Он, кряхтя, сел в кровати, и в этот момент в спальню влетел лакей с ковшом ледяного кваса и подал его хозяину. Князь большими глотками выпил чуть не половину. И отдал ковш обратно.

«Черт, почему у меня такое ощущение, что я что-то пообещал или проиграл», – вновь подумал он. И тут его как обдало кипятком.

«Господи, я же пообещал Илье, что Николка возьмет Катеньку в жены! Вот же два пьяных дурака, чего только не придумаем. Он там что-то говорил, что вроде Катенька Николку уже приметила, а ежели Николенька не согласится? А я ведь слово дал. Ох, недаром маменька моя покойница говорила, не доведет тебя, Андрюша, вино до добра».

– Эй, ты, как тебя там, – крикнул он лакею.

– Кузьма, ваше сиятельство, – ответил тот.

– Кузьма, тащи мне сюда бутылку шампанского и фужер, буду похмеляться, – приказал он ему.

После того как бутылка была допита, настроение князя поднялось, он оделся и пошел к сыну.

Николка уже сидел за столом и что-то писал, он последние дни очень много занимался шифрованием, его это увлекло.

– Николенька, сынок, – смущенно обратился князь к нему, – хочу с тобой серьезно поговорить.

– Я слушаю, батюшка, – с этими словами Николка встал из-за стола.

– Давай все же присядем, – сказал Шеховской, – мне сегодня что-то плоховато.

Они уселись в кресла, и князь приступил к объяснениям.

– Николенька, хочу сказать тебе следующее, ты сам понимаешь, что я стар и болен, неизвестно, сколько я проживу, может, год, может, больше, и мне бы хотелось, чтобы до моей смерти у тебя все устроилось в жизни.
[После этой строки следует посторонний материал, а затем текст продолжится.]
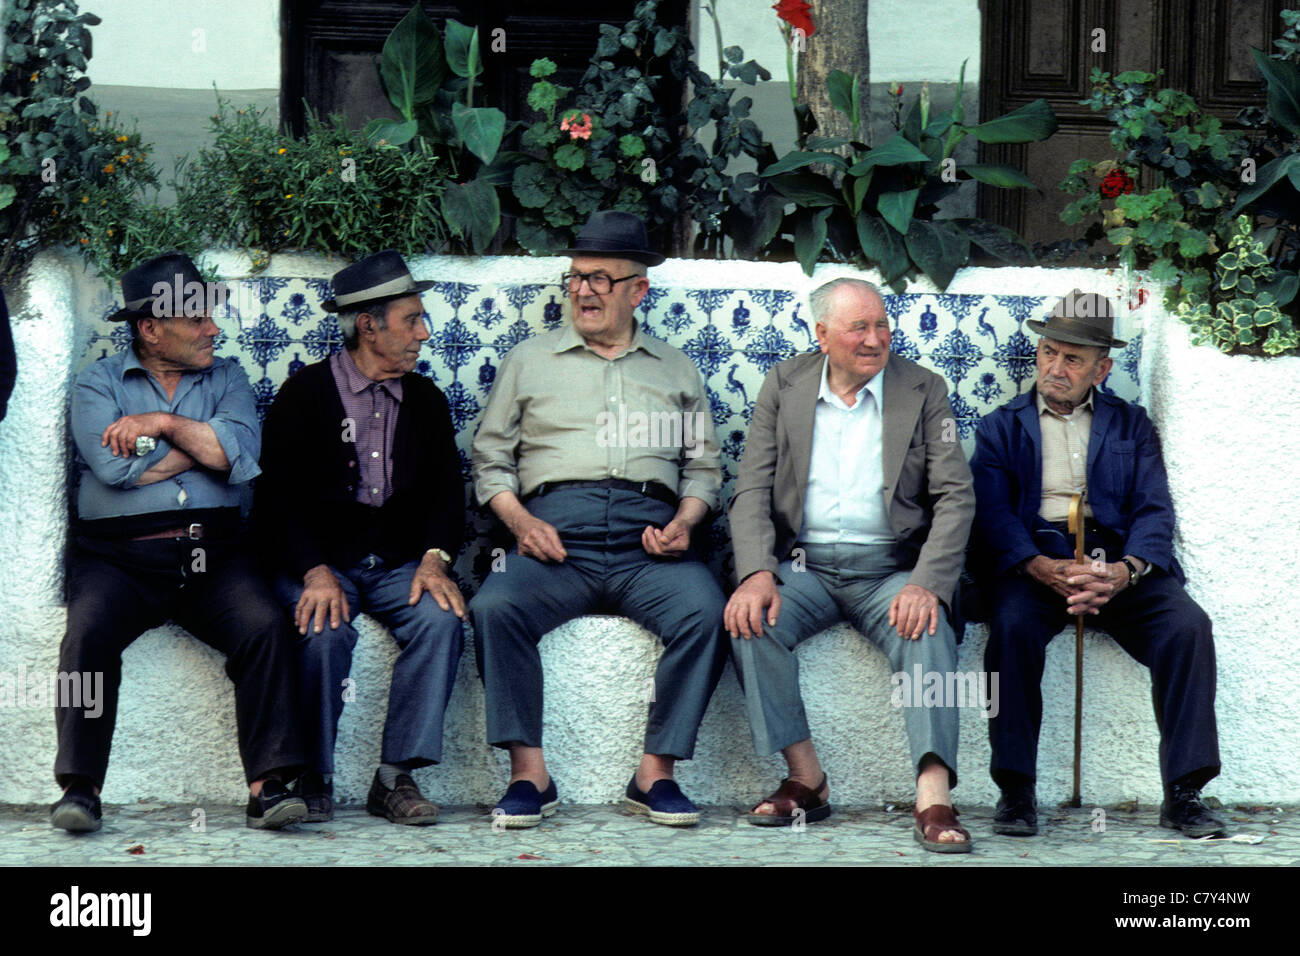 Old men chatting

Вчера, как ты знаешь, у меня был с визитом Илья Игнатьевич, так вот он завел речь о твоей женитьбе.

Когда отец со смущенным видом зашел к нему в комнату, Николка сразу понял, что он хочет ему сказать что-то неожиданное. И с первых его слов догадался, о чем будет разговор. Это было так неожиданно и так отвечало его чаяниям, что он боялся даже подумать, что ошибается. С тех пор как он покинул имение Вершининых, все свободное время, которое у него редко бывало, он думал о Катеньке, ее тонкая фигурка стояла все время перед его глазами. Он часто думал, почему так случилось, чем она так привлекла его, пытался заставить себя перестать о ней думать, и не мог. А последнее время он часто видел ее во сне. Катя там почему-то была в слезах и, глядя на него, шептала слова любви.
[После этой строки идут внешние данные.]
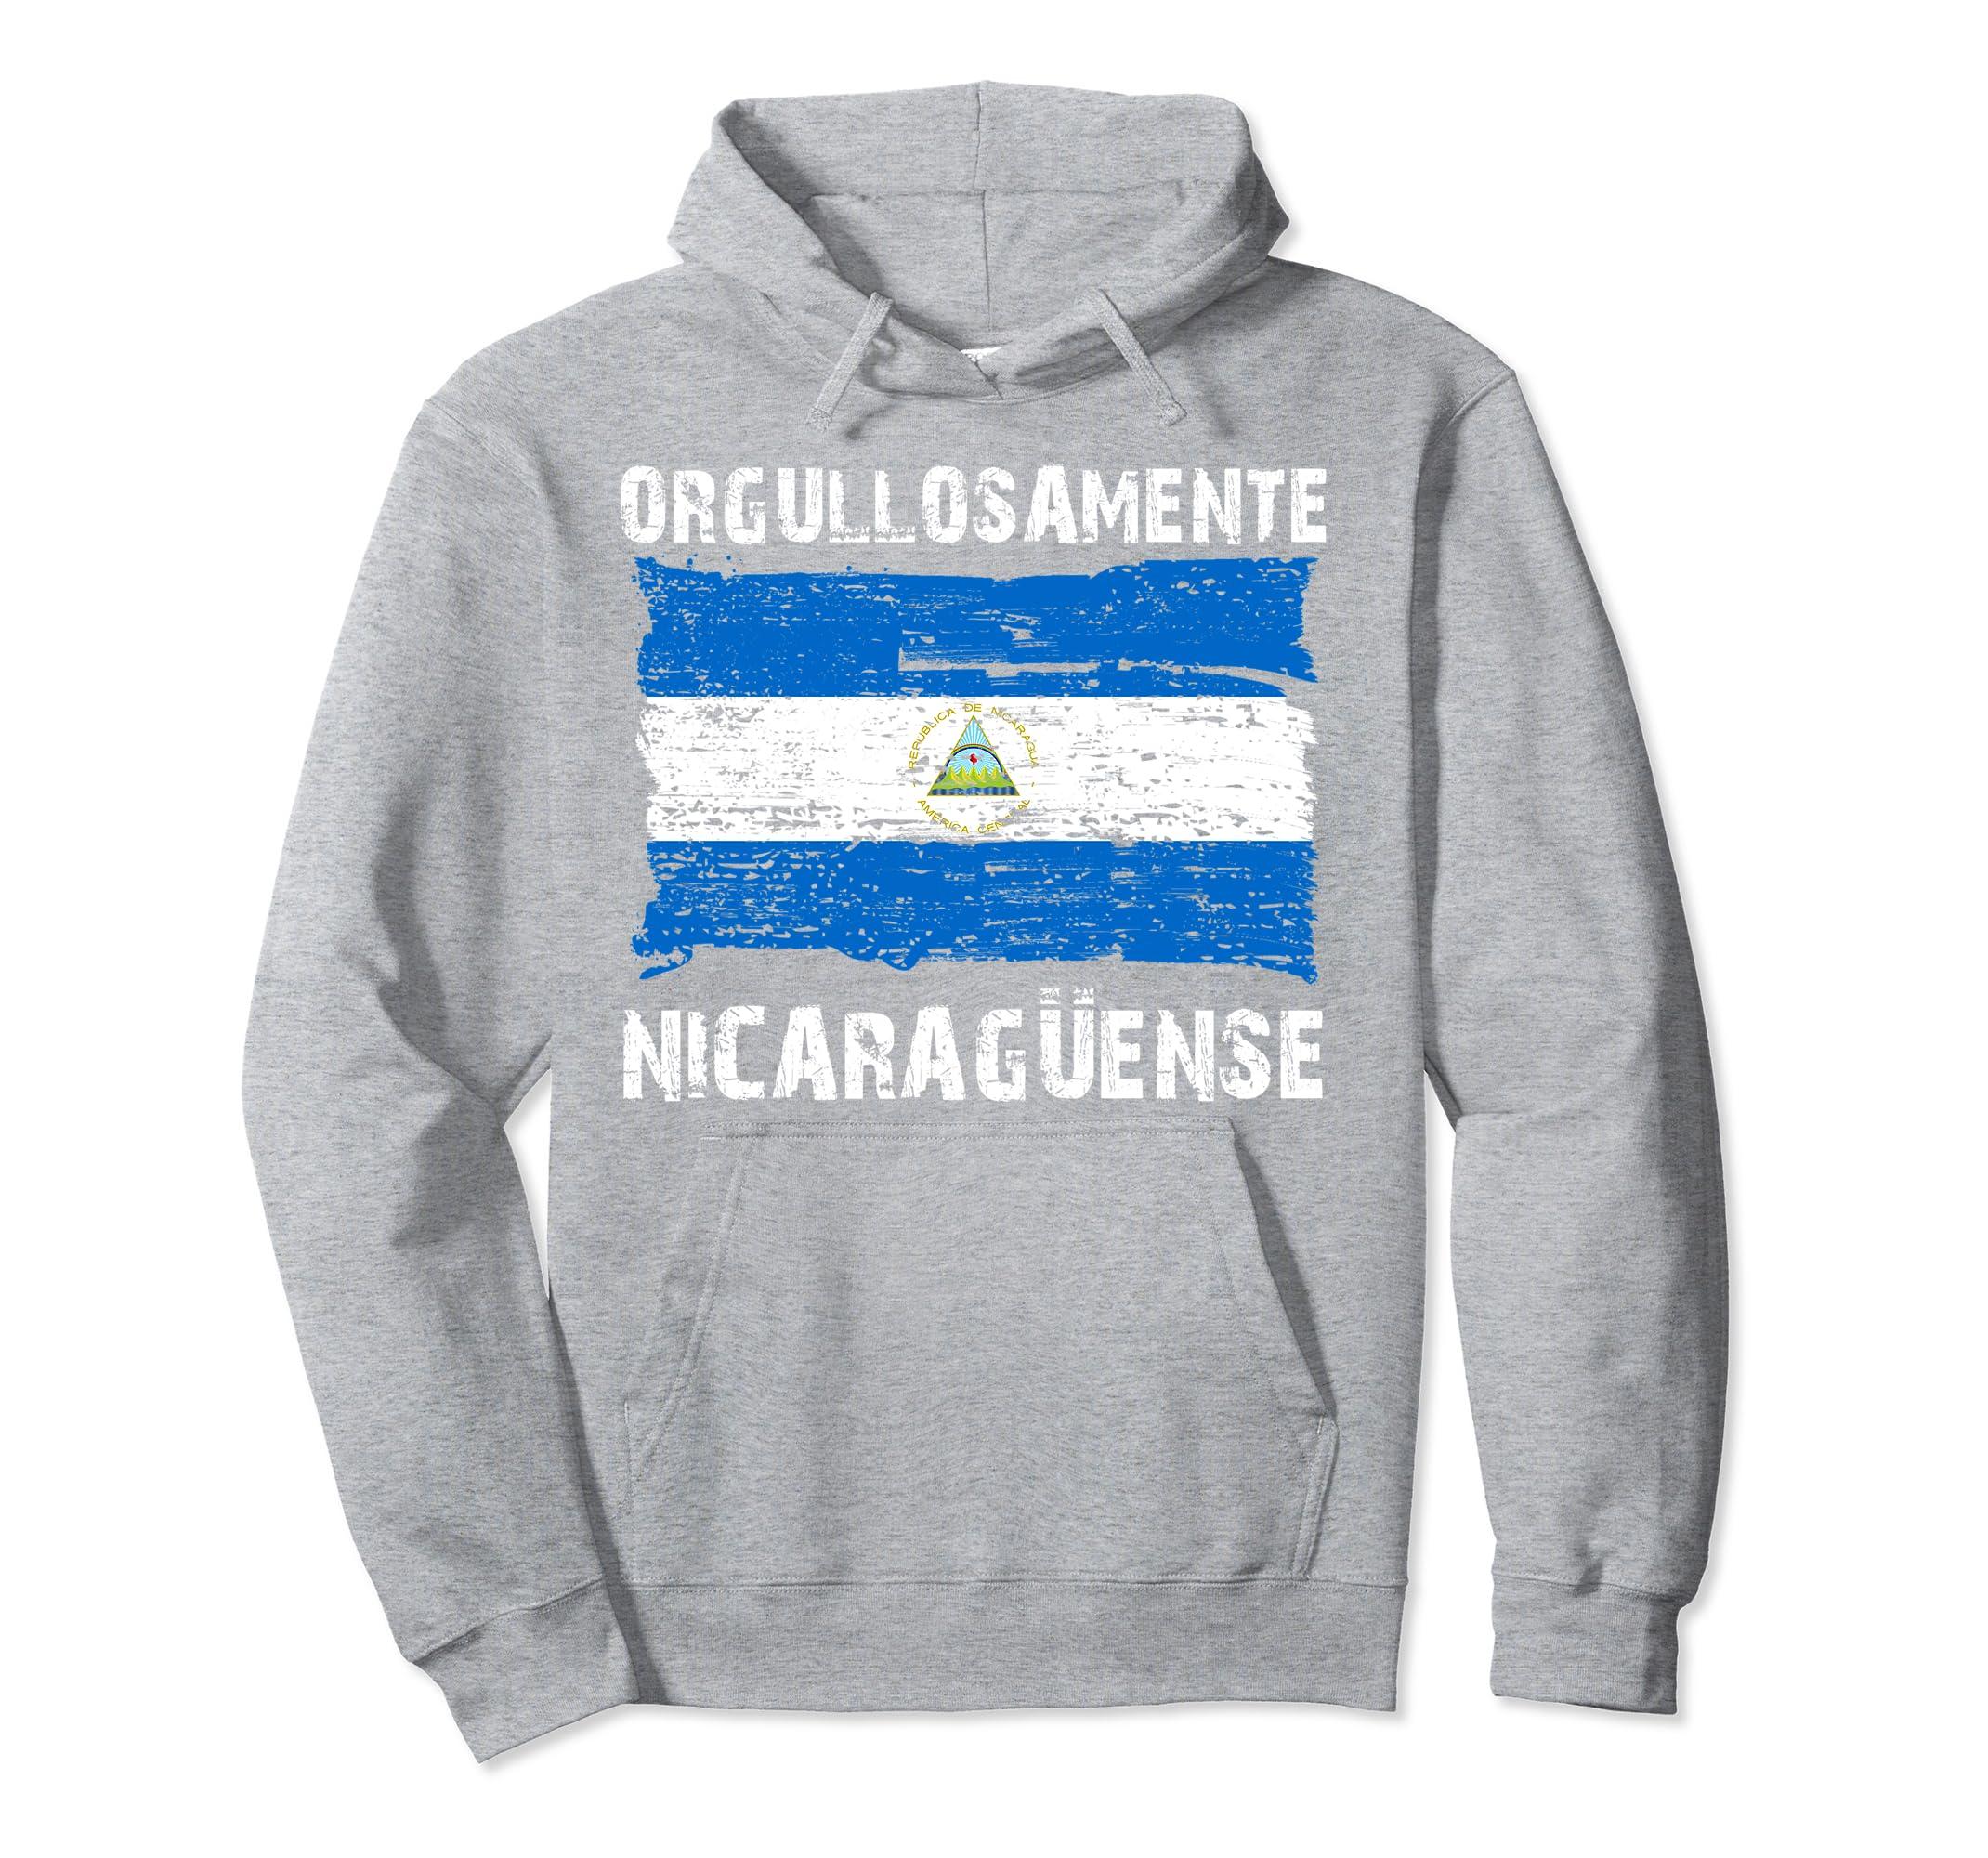 Amazon.com: Orgullosamente Nicaraguense Sudadera para hombres y mujeres: Clothing

Он знал, что она сейчас в Петербурге, и часто представлял, что навещает ее, но боялся подойти к отцу с такой просьбой. И вот, похоже, все его мечты так нежданно сбываются.

Князь, сказав эти слова, несколько замялся. И этой паузой сразу воспользовался сын.
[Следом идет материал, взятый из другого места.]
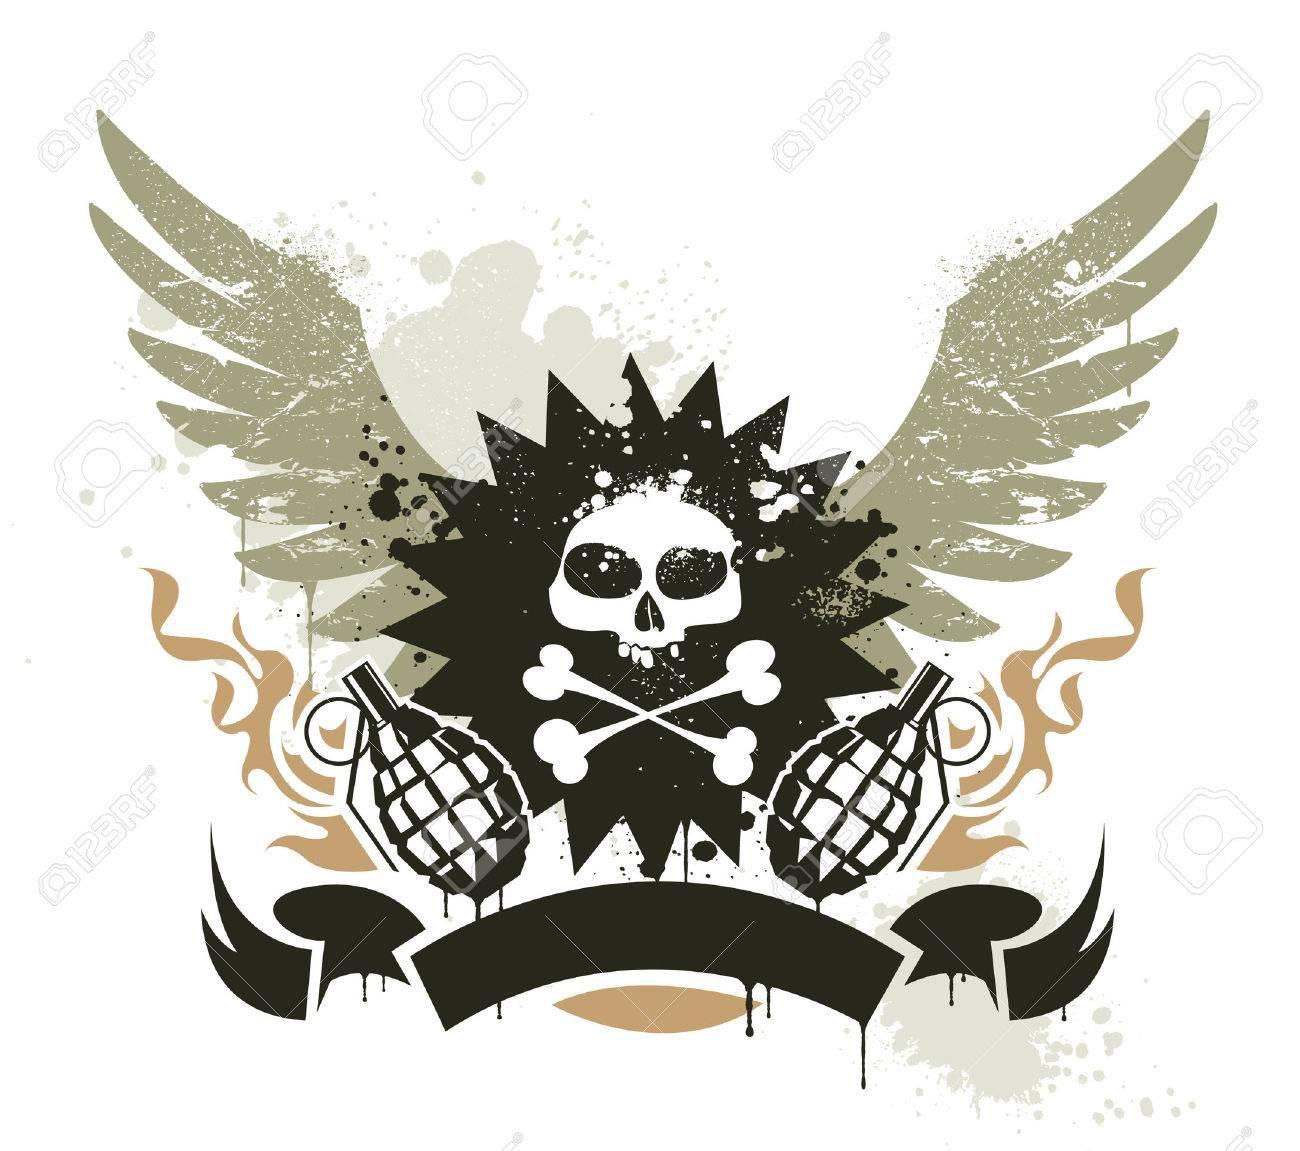 Grunge gang design. Stock Vector - 8258248

– Отец, ты же знаешь, что я выполню всё, что ты пожелаешь, потому что знаю, ты никогда не потребуешь от меня того, что было бы признано тобой бесчестным. Я так понимаю, что вы с Ильей Игнатьевичем говорили обо мне и Катеньке, и теперь сразу могу сказать, что только и мечтаю об этом. Но вот меня беспокоит, как к этому отнесется Екатерина Ильинична. Может, ей совсем не по нраву, что ее мужем будет бывший крепостной, да к тому же еще и юродивый.

Князь рассердился:

– Николенька, ты когда перестанешь вспоминать то, что было. Забудь прошлое, как дурной сон, оно никогда не вернется. Сейчас до этого никому нет дела. А если появятся любители позлословить, я уверен, что ты сможешь быстро закрыть им рот свинцом. Сейчас ты князь Шеховской, корнет Лейб-гвардии гусарского полка. В перспективе порученец Александра Христофоровича, а это значит, что при дворе о тебе будет знать император. Так чего ты стесняешься? Я, к счастью, богат и могу сделать для тебя все, что в моих силах. Что же касается твоей тайной избранницы, не сомневайся, она совсем не против брака с тобой. У Ильи Игнатьевича острый взгляд. И хоть говорят, что отцы ничего не знают про своих дочерей – здесь не тот случай. Думаю, что сейчас он как раз беседует по этому поводу с Катенькой. Я, кстати, очень рад за тебя, Катюша была много лет моей любимицей, а сейчас она может стать женой моего единственного сына. У меня будет только одна просьба к тебе: не обижать ее, когда она станет твоей женой.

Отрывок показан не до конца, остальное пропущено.